Chiffre_Disque_2 Ein Hauch von populismus

Sie wollen Profil zeigen, mit fraglichen Vergleichen Zeichen setzen, Ihren Willen zum Widerstand gegen die Teufelsmaschinerie von Brüssel zur Geltung bringen? Dann inszenieren Sie – vor allem in Wahlkampfzeiten – Ihren ureigenen Eklat, nach dem Motto: einfache Vergleich für einfache Menschen:

„Napoléon, Hitler… Mehrere Figuren haben bereits versucht, den europäischen Kontinent zu einen, und das endete jedes Mal tragisch. Die Europäische Union ist ein weiterer solcher Versuch, nur mit anderen Mitteln.“

Chiffre_Disque_3

Primitives für primitive

Wer interessiert sich denn ernsthaft für das Los der primitiven Völker Ozeaniens, wer? Wer weiß denn überhaupt, dass Orte wie Papua-Neuguinea existieren? Boris Johnson natürlich, er war ja schließlich Journalist. Und an der feinsinnigen Analyse, die er als solcher 2006 in einem Artikel des Daily Telegraph von den Bewohnern dieser Insel lieferte, kann sich jeder Diplomat gewinnbringend inspirierend: „In den letzten zehn Jahren haben wir uns in der Konservativen Partei an menschenfresserische Orgien und Häuptlingsmorde im Stil von Papua-Neuguinea gewöhnt.“

Sollten die angeblichen Menschenfresser lesen können und sich zu Wort melden, weil ihnen der selbstverständlich humoristische Charakter der Formulierung entgangen ist, seien Sie nachsichtig und entschuldigen Sie sich trotzdem. Man weiß ja nie, welche seltenen Bodenschätze unter ihren Palmen verborgen liegen könnten.
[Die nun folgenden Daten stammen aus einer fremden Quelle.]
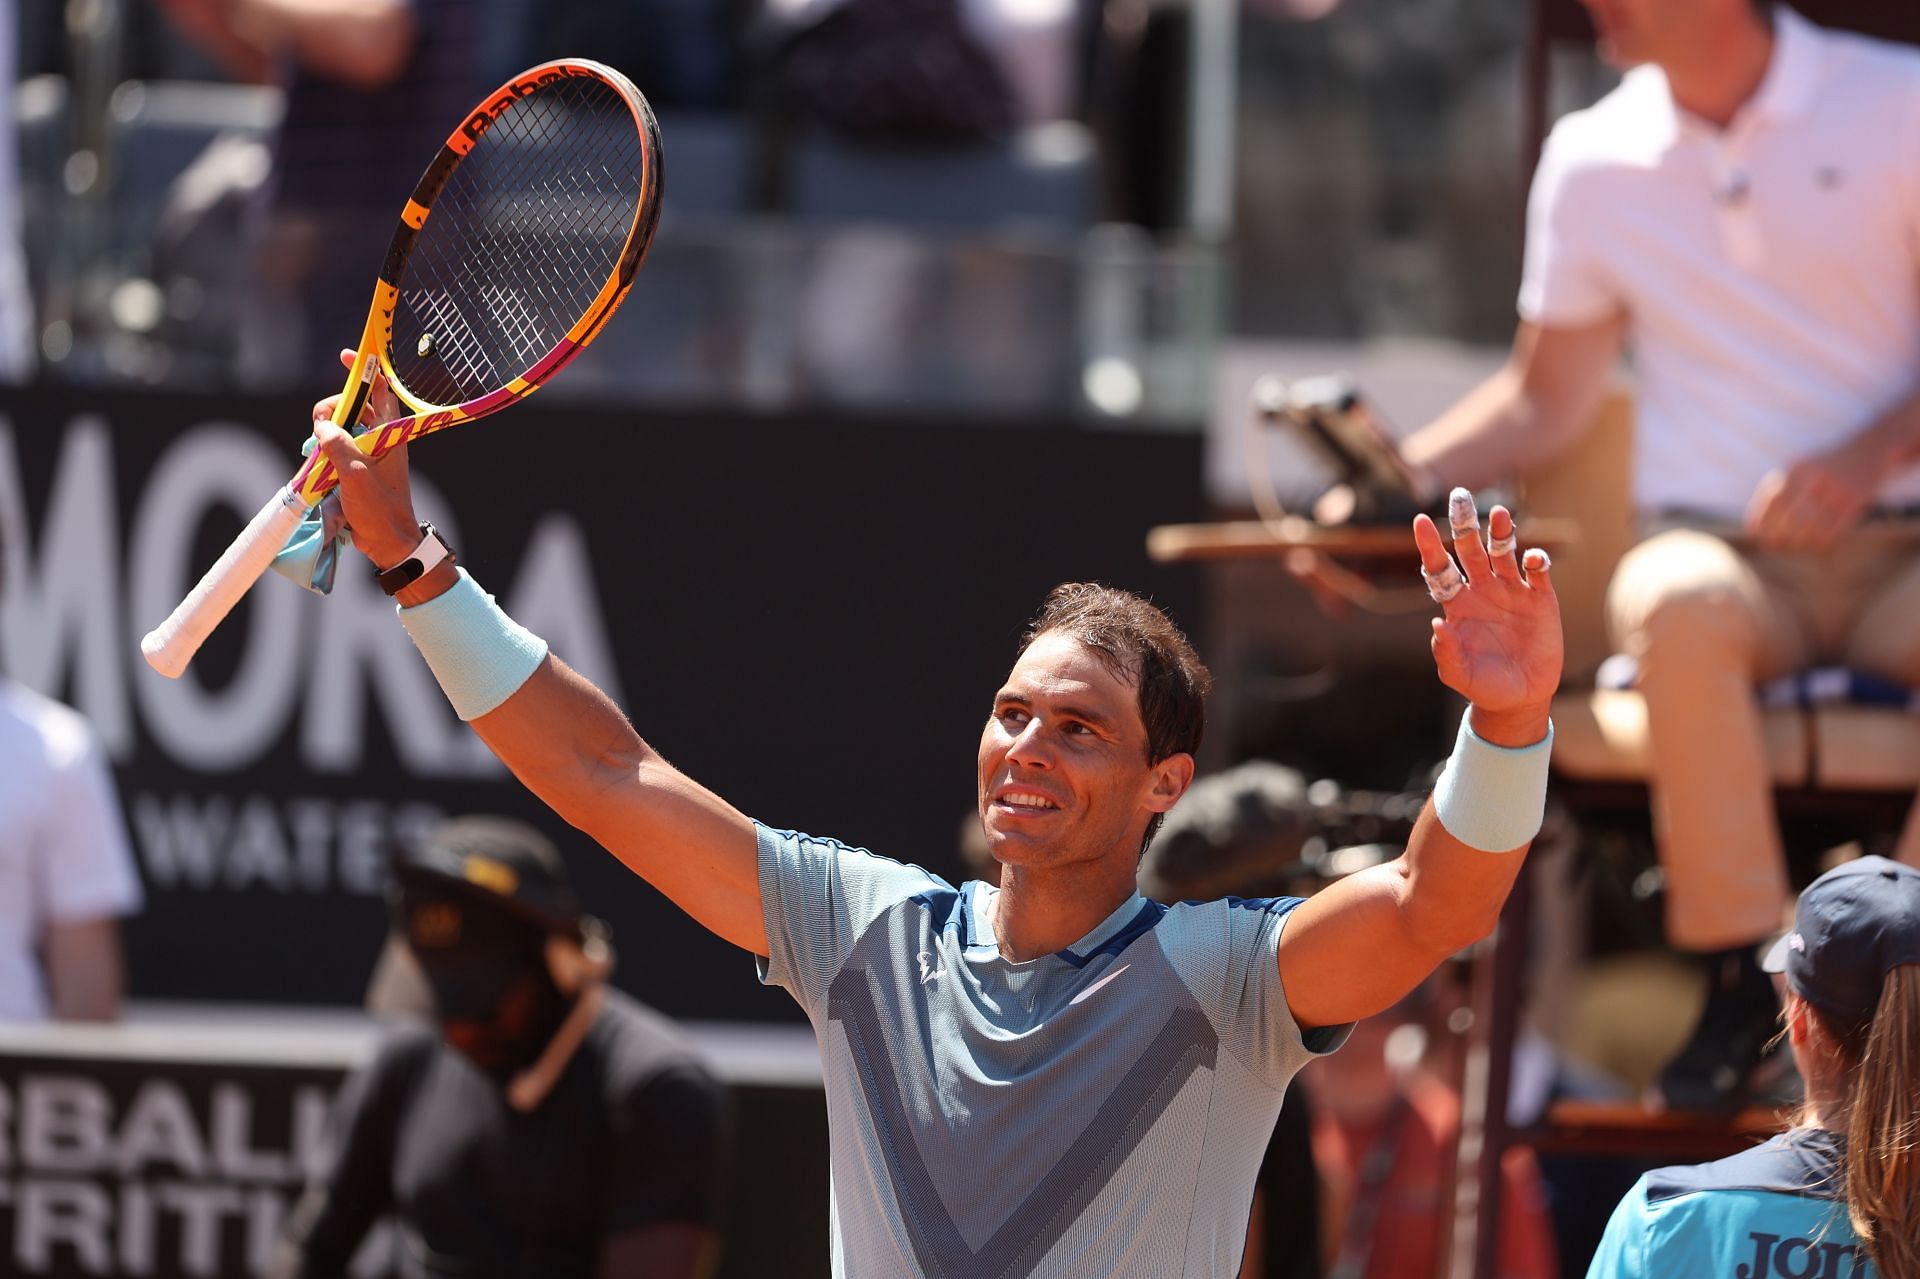 Rafael Nadal at the 2022 Italian Open.

Das Original auf Englisch: „For 10 years we in the Tory party have become used to Papua New Guinea-style orgies of cannibalism and chief-killing“

Sie können dann auch getrost im gleichen Stil weitermachen und ihre moralisch-geistige Überlegenheit als Weißer unterstreichen, indem sie die anderen Commonwealth-Bürger mit liebevollem Humor als „Negerlein“ bezeichnen und den Afrikanern zu ihrem angeborenen „Wassermelonen-Lächeln“ gratulieren.

Chiffre_Disque_4 Setzen sie ihre vision der geschichte durch

Erörtern Sie etwa bei den Olympischen Spielen von Peking vor einigen hunderttausend gelbsüchtigen Mondgesichtern ihre – selbstverständlich auch humoristische – Überzeugung, dass Ping-Pong, alias Tischtennis, eigentlich „Wiff-Waff“ heißt und im 19. Jahrhundert von der englischen High Society als Zeitvertreib bei ihren mondänen Dinnern erfunden wurde.
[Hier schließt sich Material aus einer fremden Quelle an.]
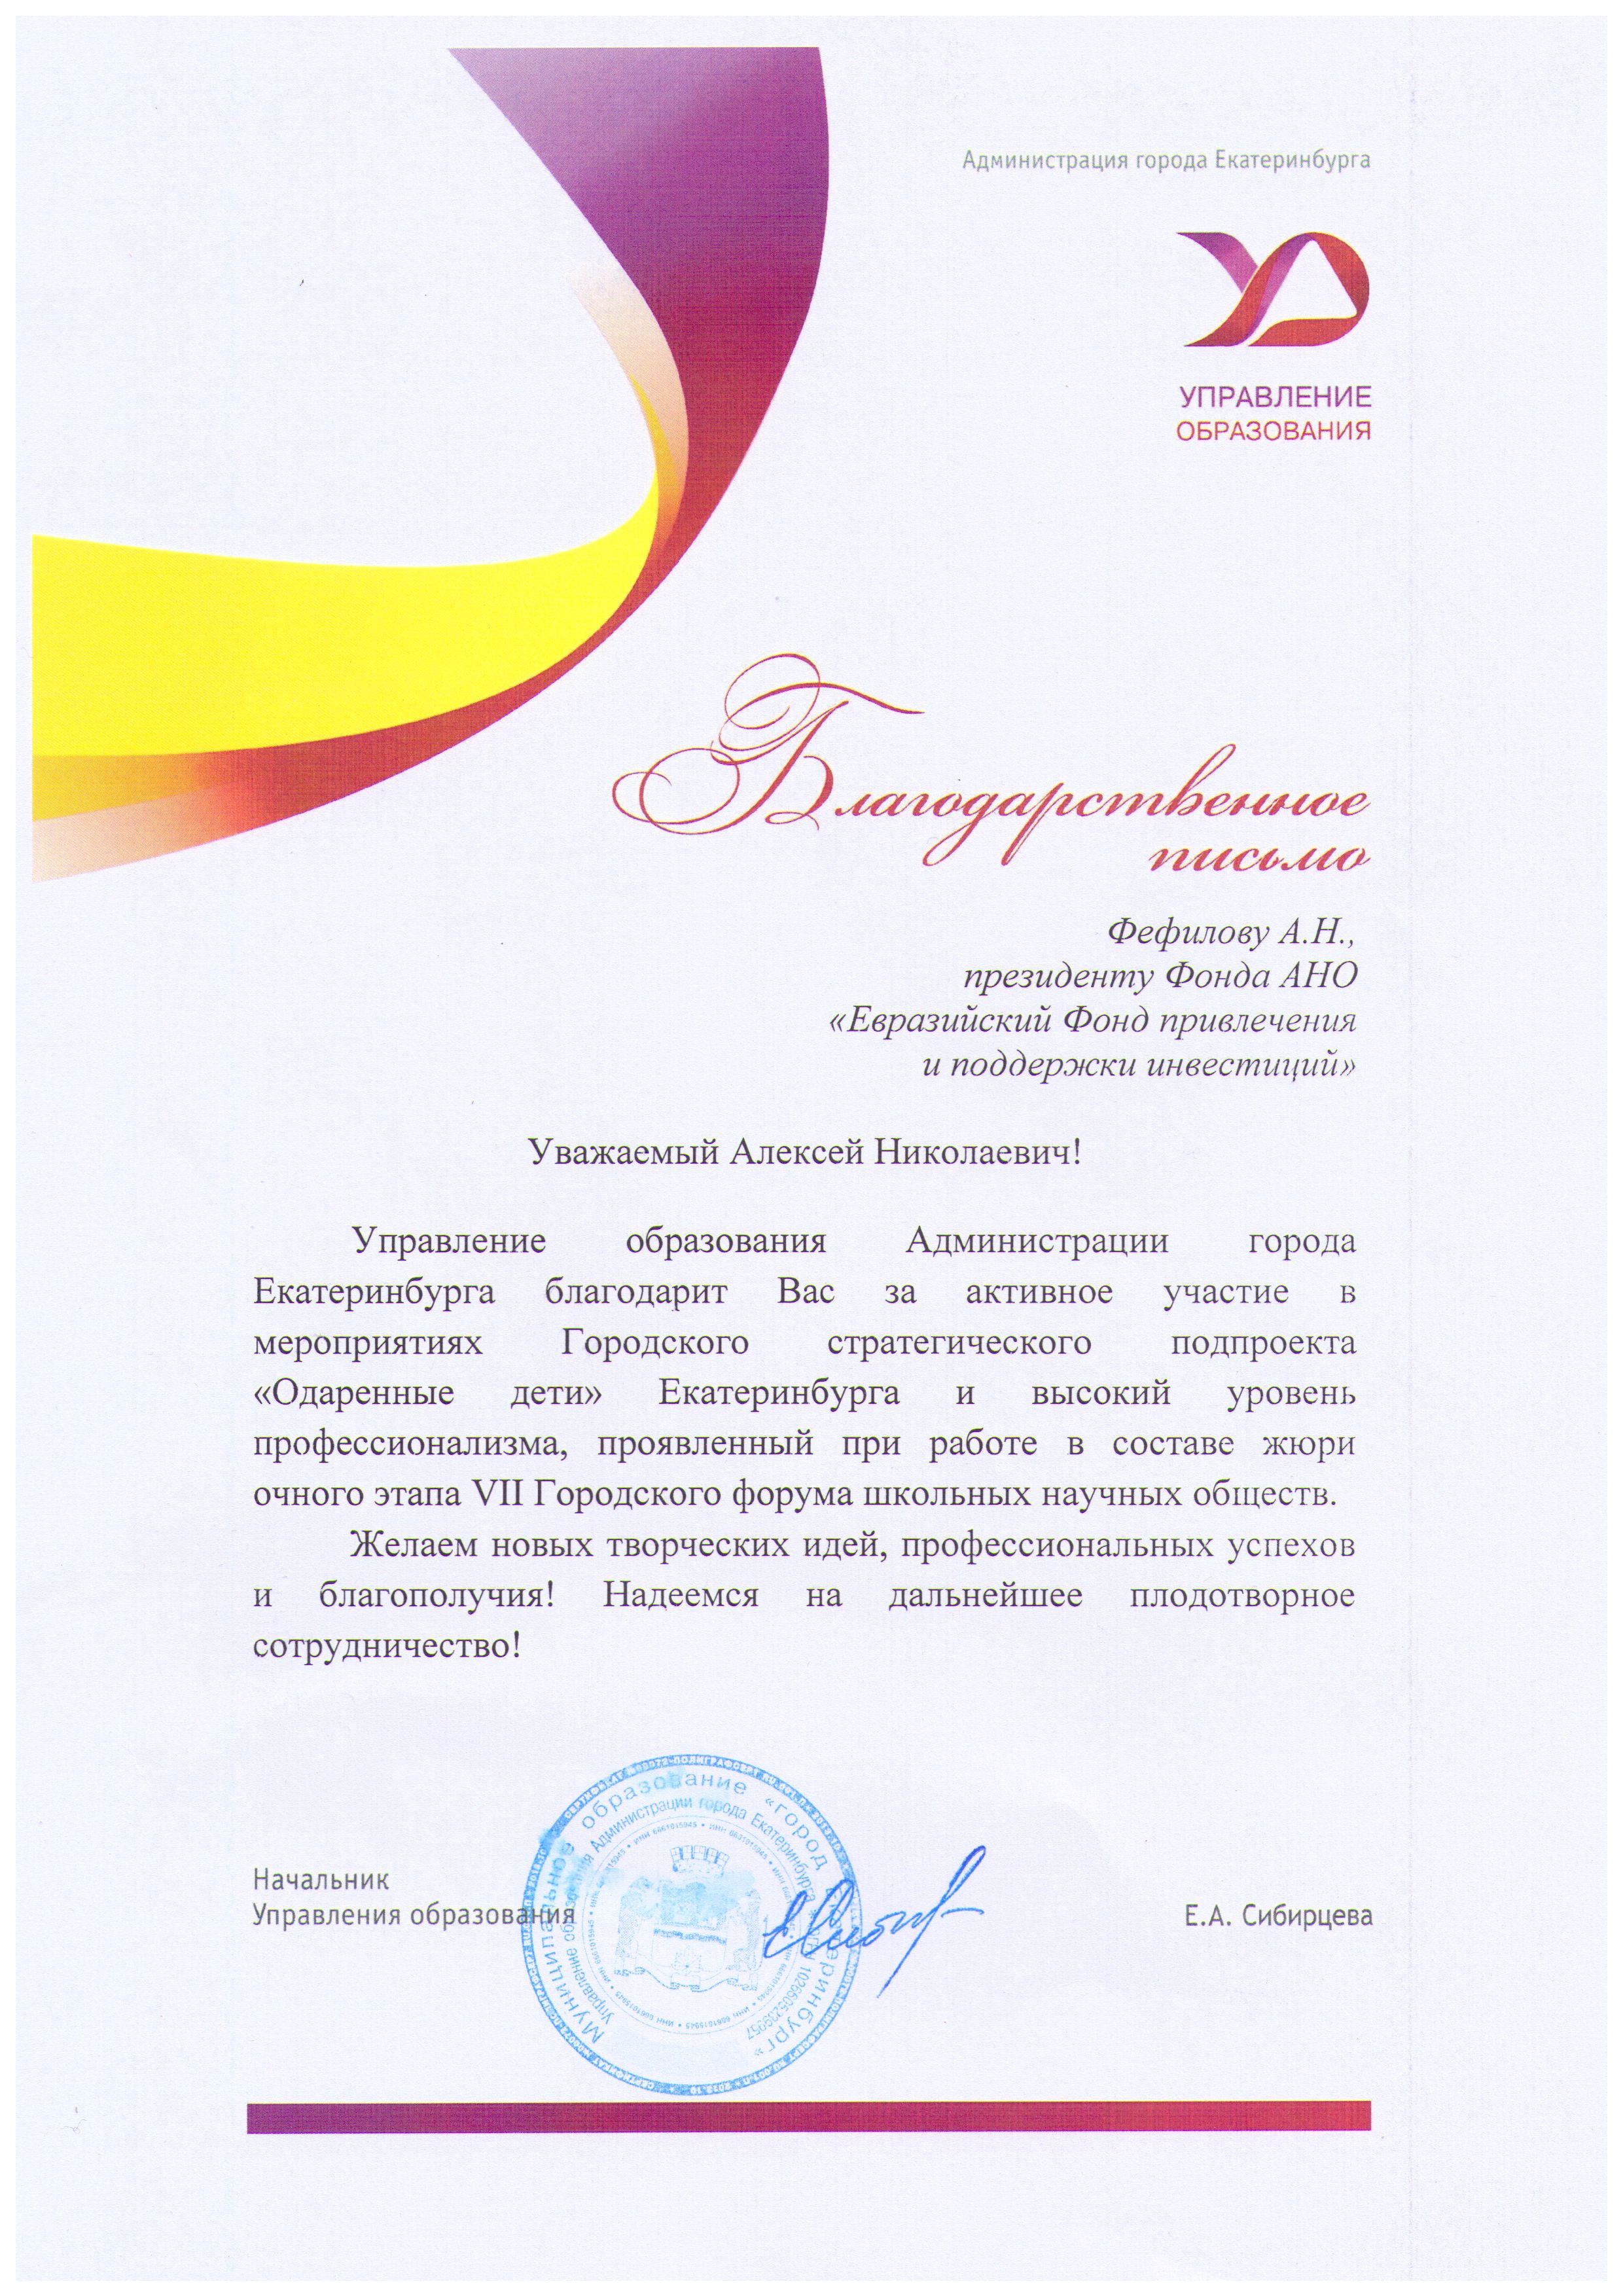 Благодарность Управления образования Екатеринбурга 11 февраля  2017 г

Chiffre_Disque_5 Geizen sie nicht mit komplimenten fÜr kolleginnen

„A sadistic nurse in a mental hospital“

Nehmen Sie sich Finesse und Poesie der Boris‘schen Formulierung zum Vorbild, sie werden Ihre Reden unendlich bereichern. Beschreiben Sie etwa Hillary Clinton als „Kunstblondine mit aufgespritzten Lippen und dem stahlblauen Blick einer sadistischen Krankenschwester in einer psychiatrischen Anstalt“. Der Effekt ist unfehlbar und hält garantiert bis zu jenem Tag an, an dem Sie ihr als US-Präsidentin Ihre Aufwartung machen.
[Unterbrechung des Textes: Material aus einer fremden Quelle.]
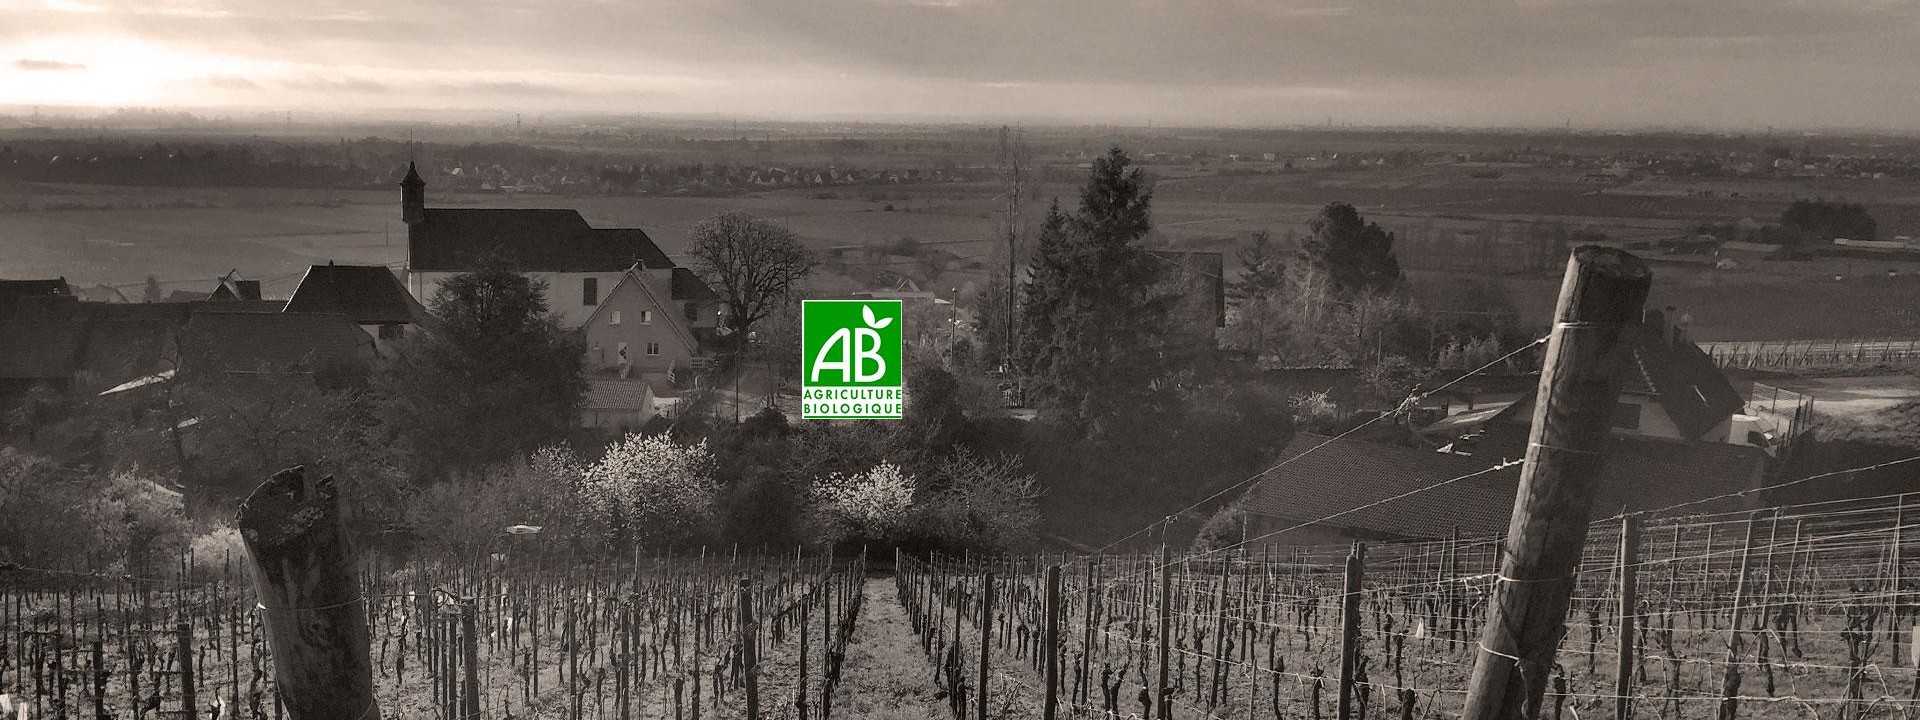 Vineyard of Alsace wines Pernet et Fils in Dambach-la-ville in the Bas-Rhin, along the wine road

Weißt du, was er über dich sagt, Krankenschwester?

Bonus

 

Es hat tatsächlich funktioniert: Die erste Pressekonferenz des neuen Außenministers Boris Johnson wurde zum Aufstand. Ein US-Journalist eröffnete den Fight: „Sie haben US-Präsident Barack Obama vorgeworfen, er habe eine Ur-Abneigung gegen das britische Empire, weil er zur Hälfte Kenianer sei…“ Es folgte die Anekdote von Hillary in Krankenschwesterntracht…

Die Antwort von Johnson: „Ich fürchte, es gibt inzwischen eine endlose Liste von Dingen, die ich vielleicht gesagt oder getan habe, die aber verzerrt dargestellt werden. Es würde mich einfach zu viel Zeit kosten, auf all diese Dinge einzugehen und mich dafür zu entschuldigen.“

Keine Zeit, Alter, schließlich bin ich jetzt Minister!

Zur Verteidigung von Boris sei gesagt, dass er unbestreitbar Talent zum Clown hat, und zwar auf internationaler Ebene: Er spricht mehrere Sprachen, kennt das Diplomaten-Milieu aus der Zeit, als sein Vater EU-Beamter war, und ist nicht unempfänglich für Kultur. So sehr er auch vor den Kameras in wilde Grimassen verfällt, ein gewisser Wortwitz und Sinn für Ironie ist ihm nicht abzusprechen – und das macht ihn für die Medien zum gefundenen Fressen.